"
"My heart to yours! But let me tell you this about the
Americans--their drum is in the hands of one who knows how to
beat it."
"As a matter of hearsay, are you aware that three detachments
of troops are on their way from Mexico?"
"For Texas?"
"For Texas."
"What are three detachments? Can a few thousand men put Texas
under lock and key? I assure you not, Senor; but now I must
say adieu!
He took the doctor's hand, and, as he held it, turned his
luminous face and splendid eyes upon Antonia. A sympathetic
smile brightened her own face like a flame. Then he went
silently away, and Antonia watched him disappear among the
shrubbery.
"Come, Antonia! I am ready. We must not keep the Senora
waiting too long."
"I am ready also, father." Her voice was almost sad, and yet
it had a tone of annoyance in it--"Don Luis is so imprudent,"

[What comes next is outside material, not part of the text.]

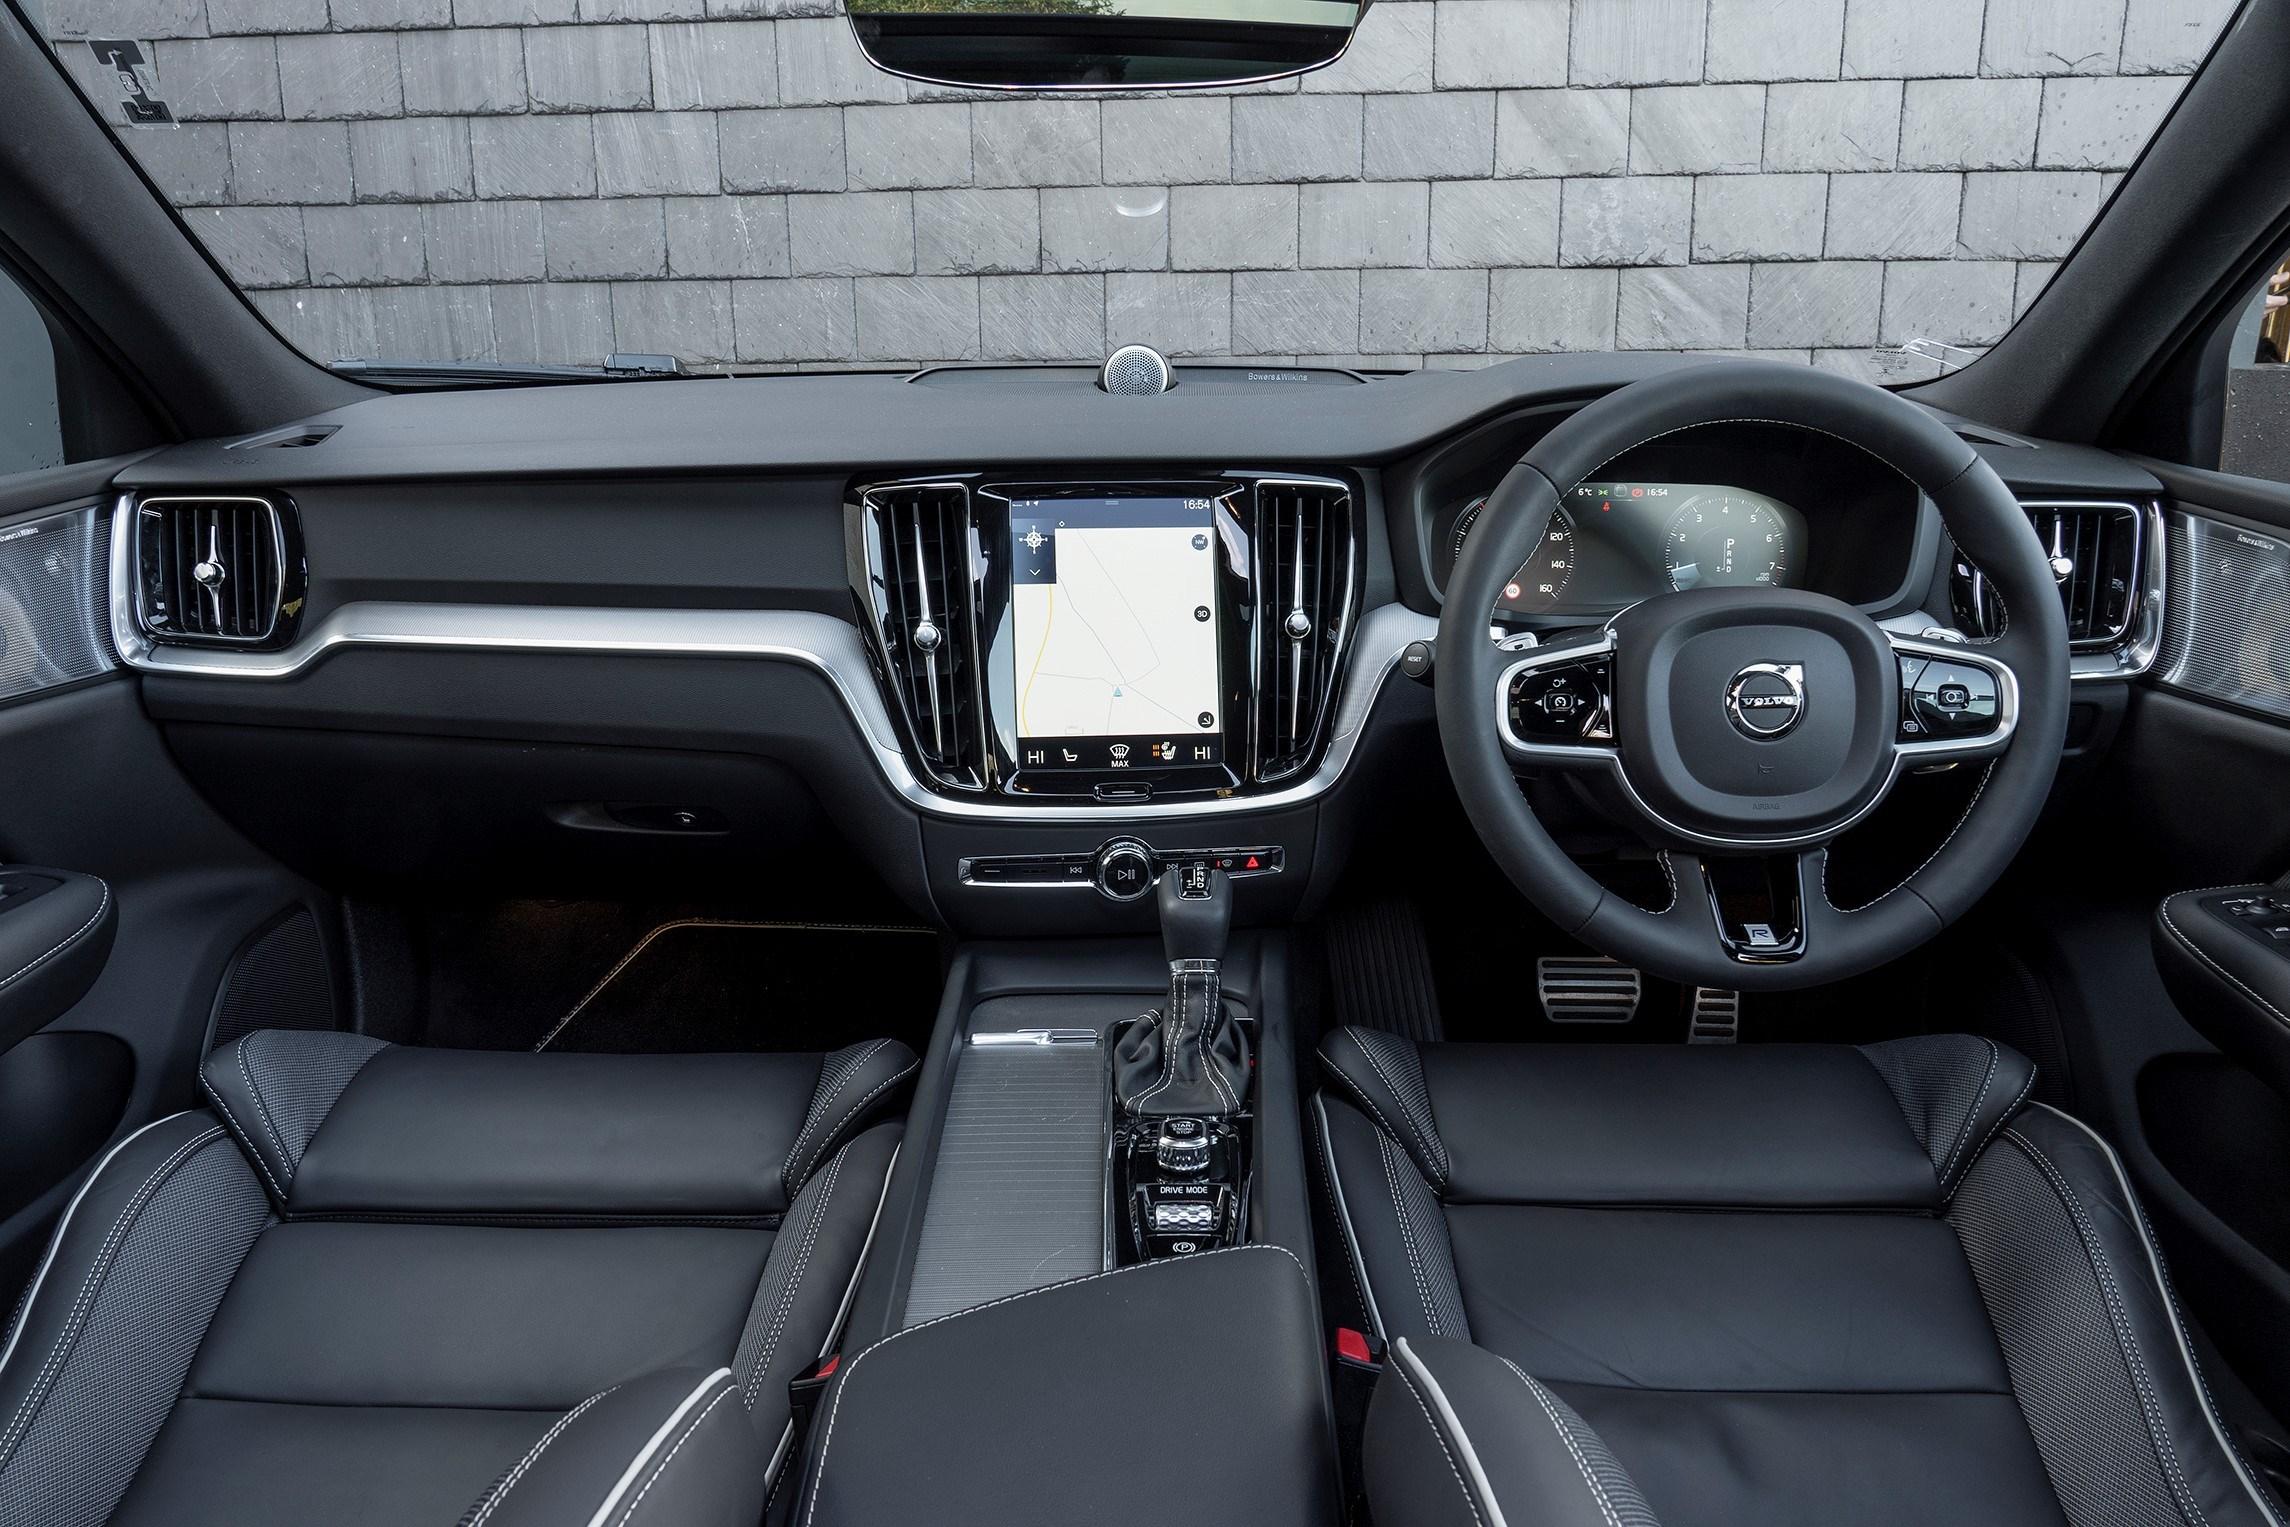 Interior of the Volvo S60 T5

she said. "He is always in trouble. He is full of
enthusiasms; he is as impossible as his favorite, Don
Quixote."
"And I thank God, Antonia, that I can yet feel with him. Woe
to the centuries without Quixotes! Nothing will remain to
them but--Sancho Panzas."
CHAPTER II.
ANTONIA AND ISABEL.
"He various changes of the world had known,
And some vicissitudes of human fate,
Still altering, never in a steady state
Good after ill, and after pain delight,
Alternate, like the scenes of day and night.